ACTIVITY
Start at the line with "helena baker website design" and print every line through the end of the material below. Keep it exact and free of pictures.

PROVIDED DATA
^^^^
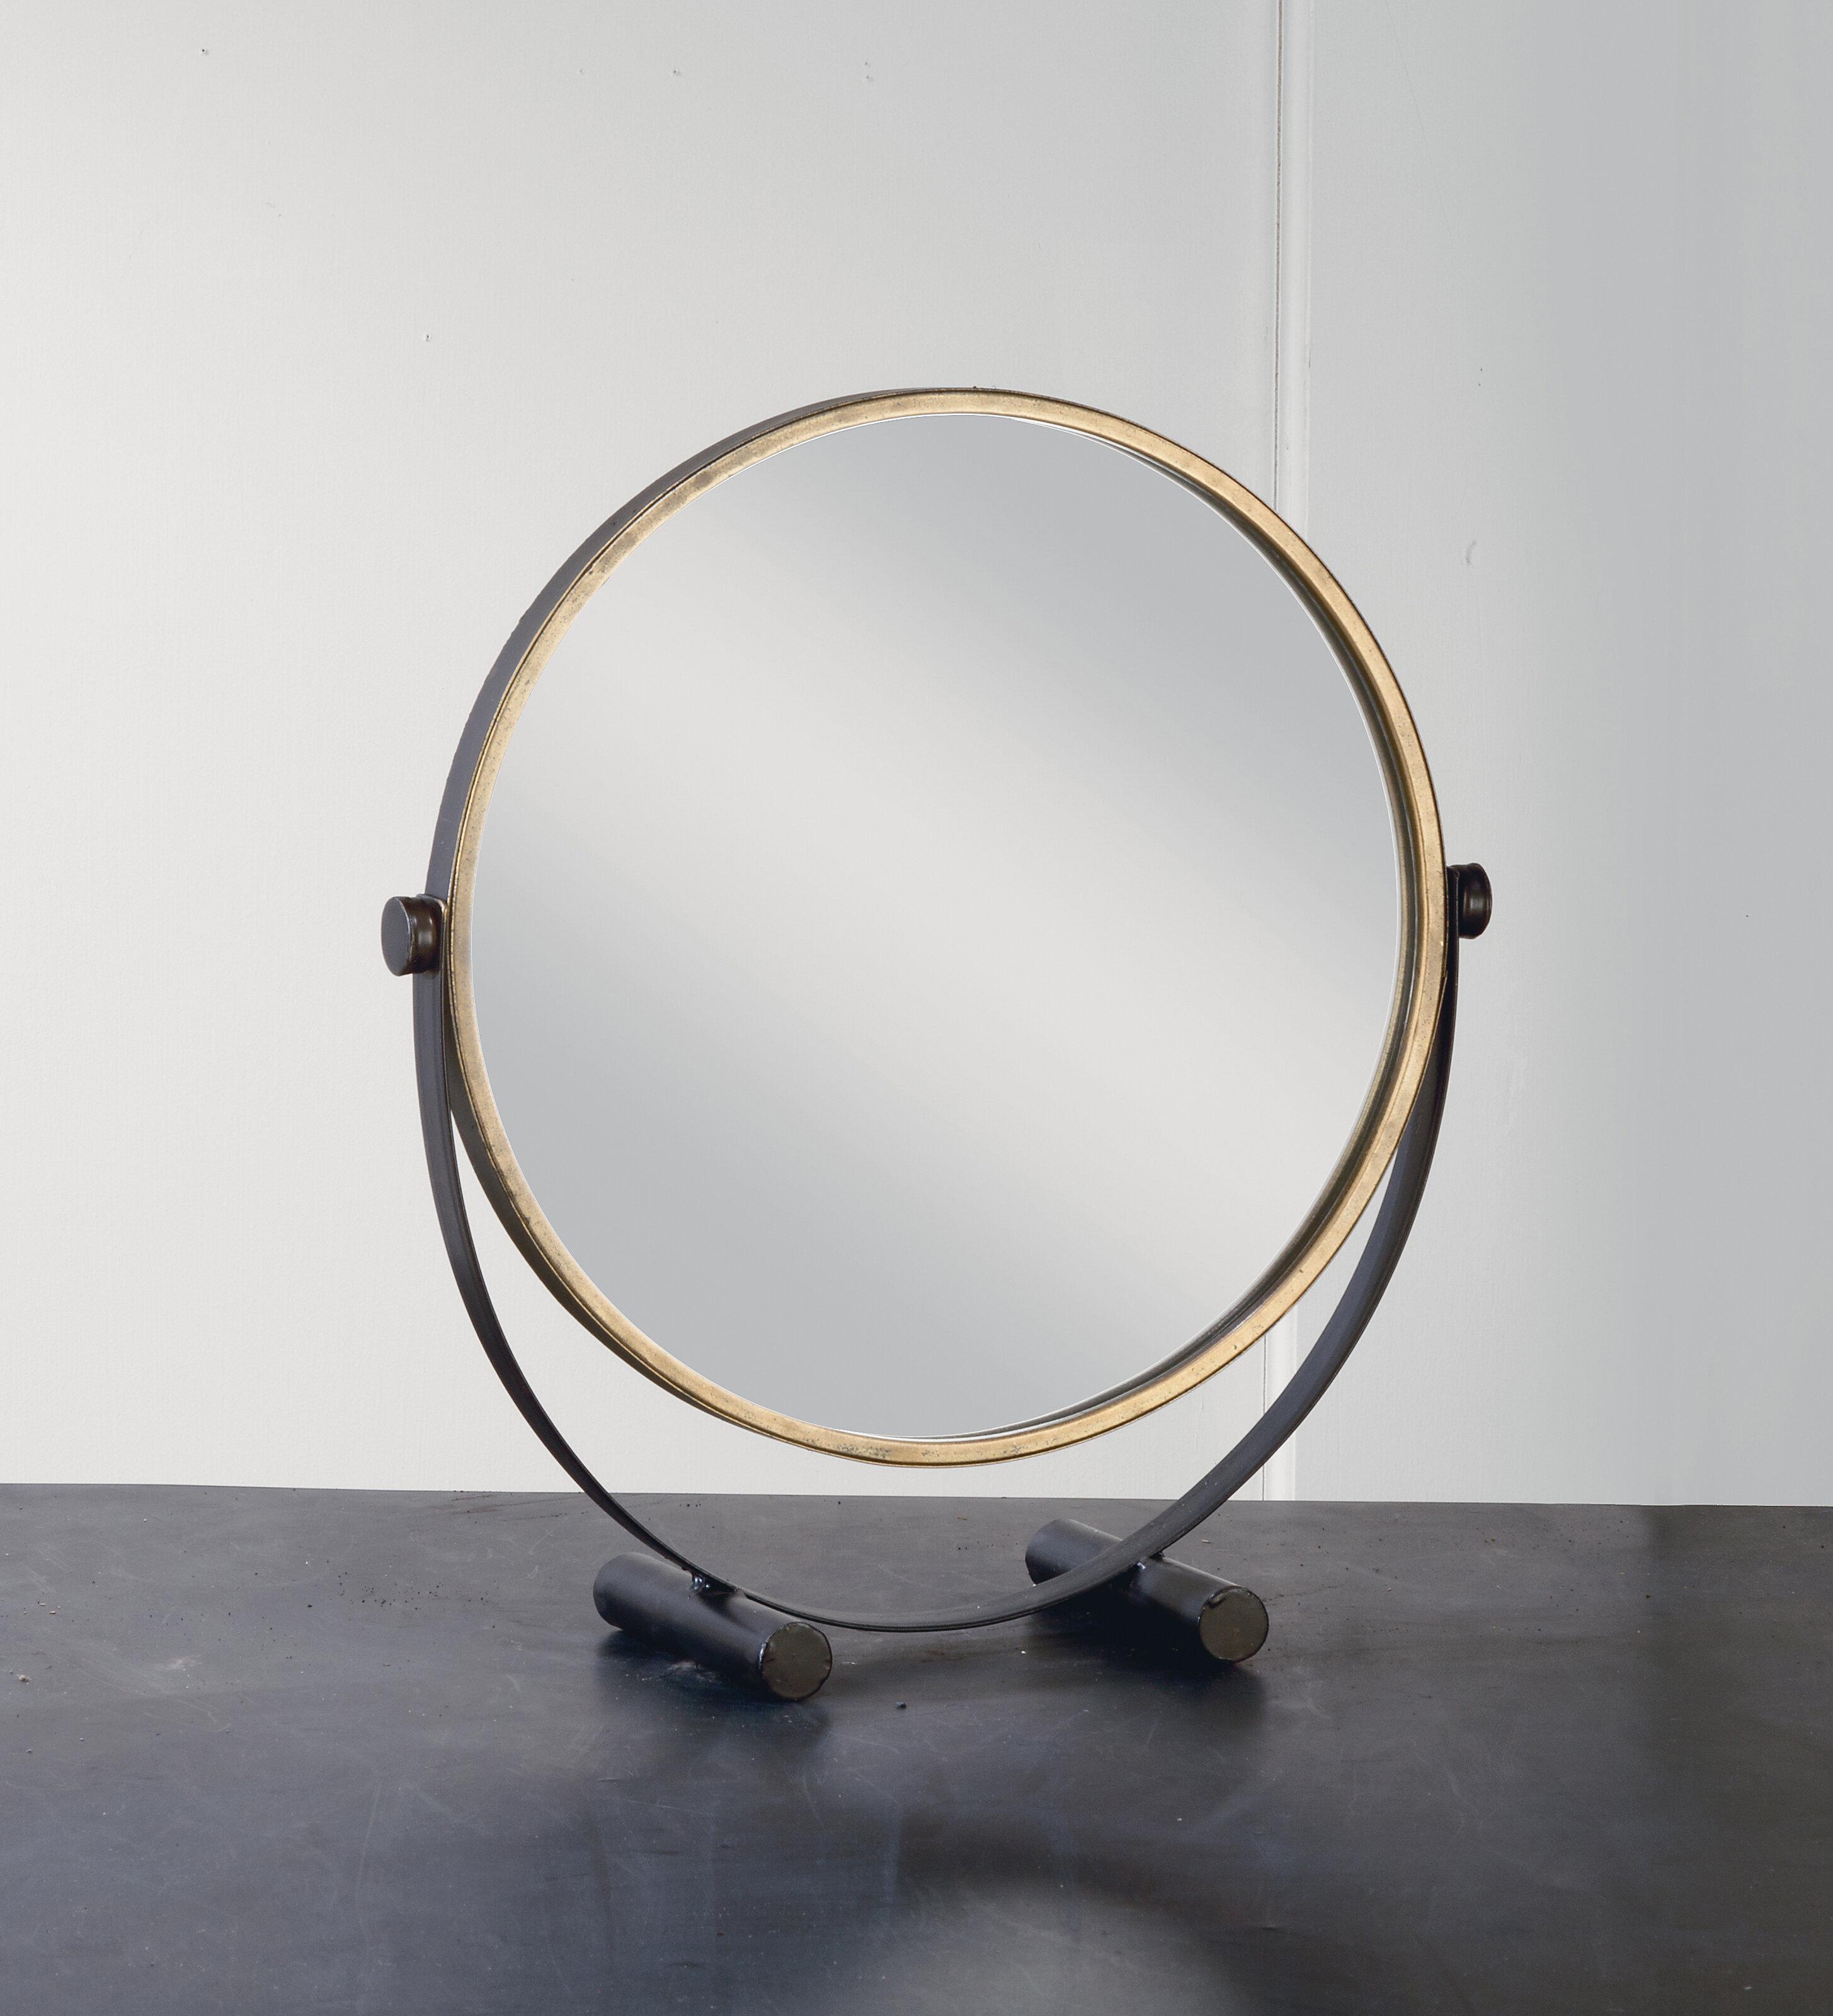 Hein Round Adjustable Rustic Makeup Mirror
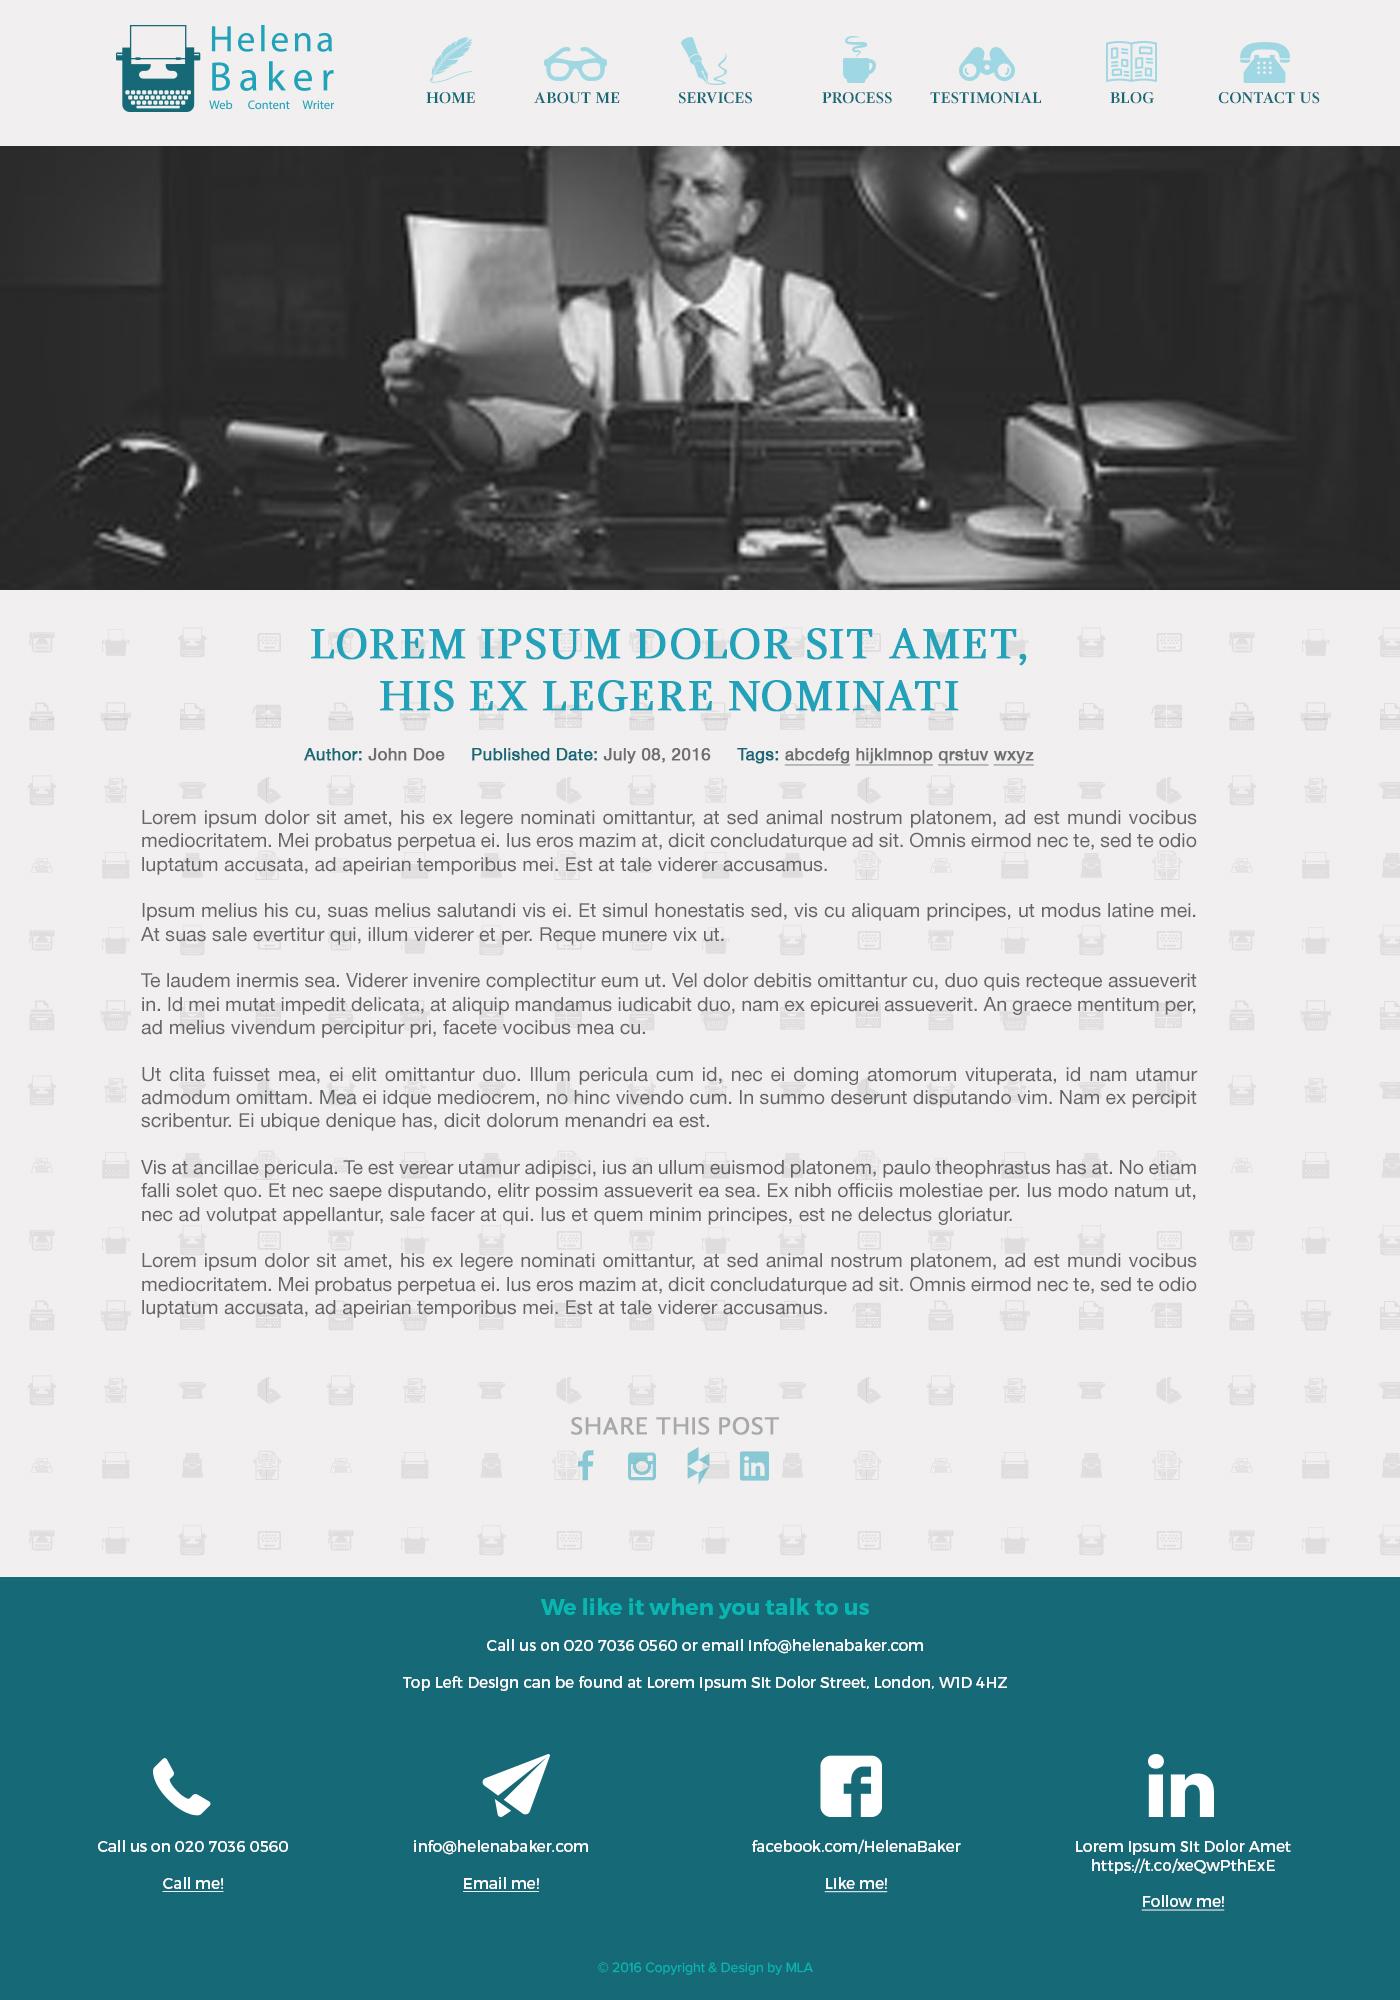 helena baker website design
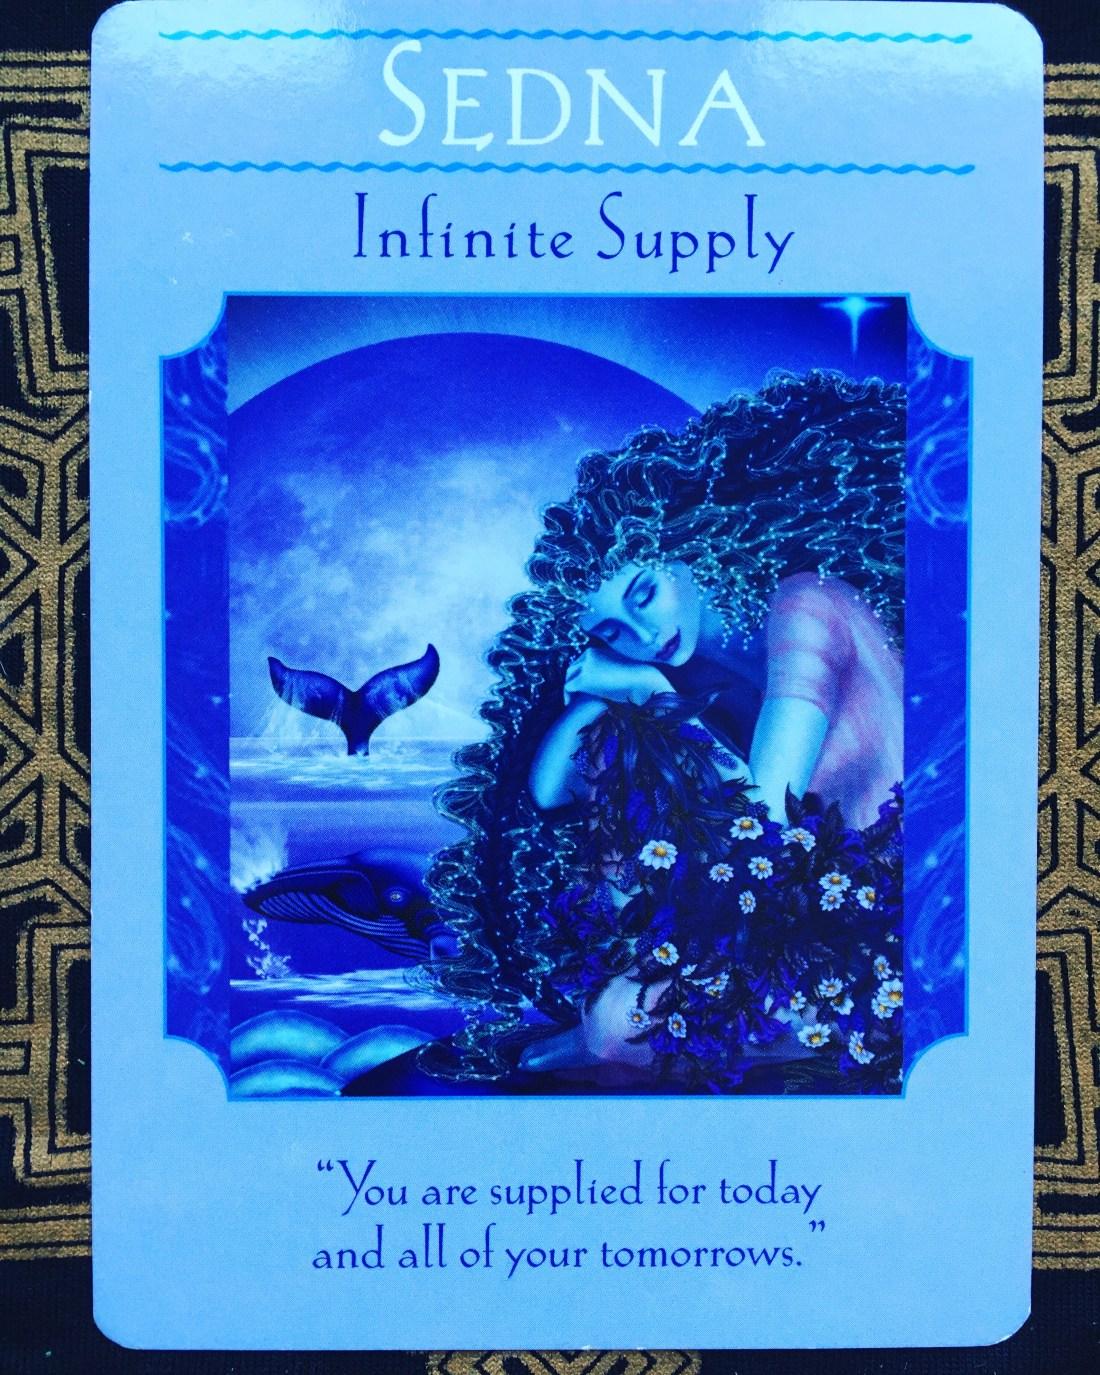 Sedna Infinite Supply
^^^^
EXERCISE OUTPUT
 helena baker website design
 Sedna Infinite Supply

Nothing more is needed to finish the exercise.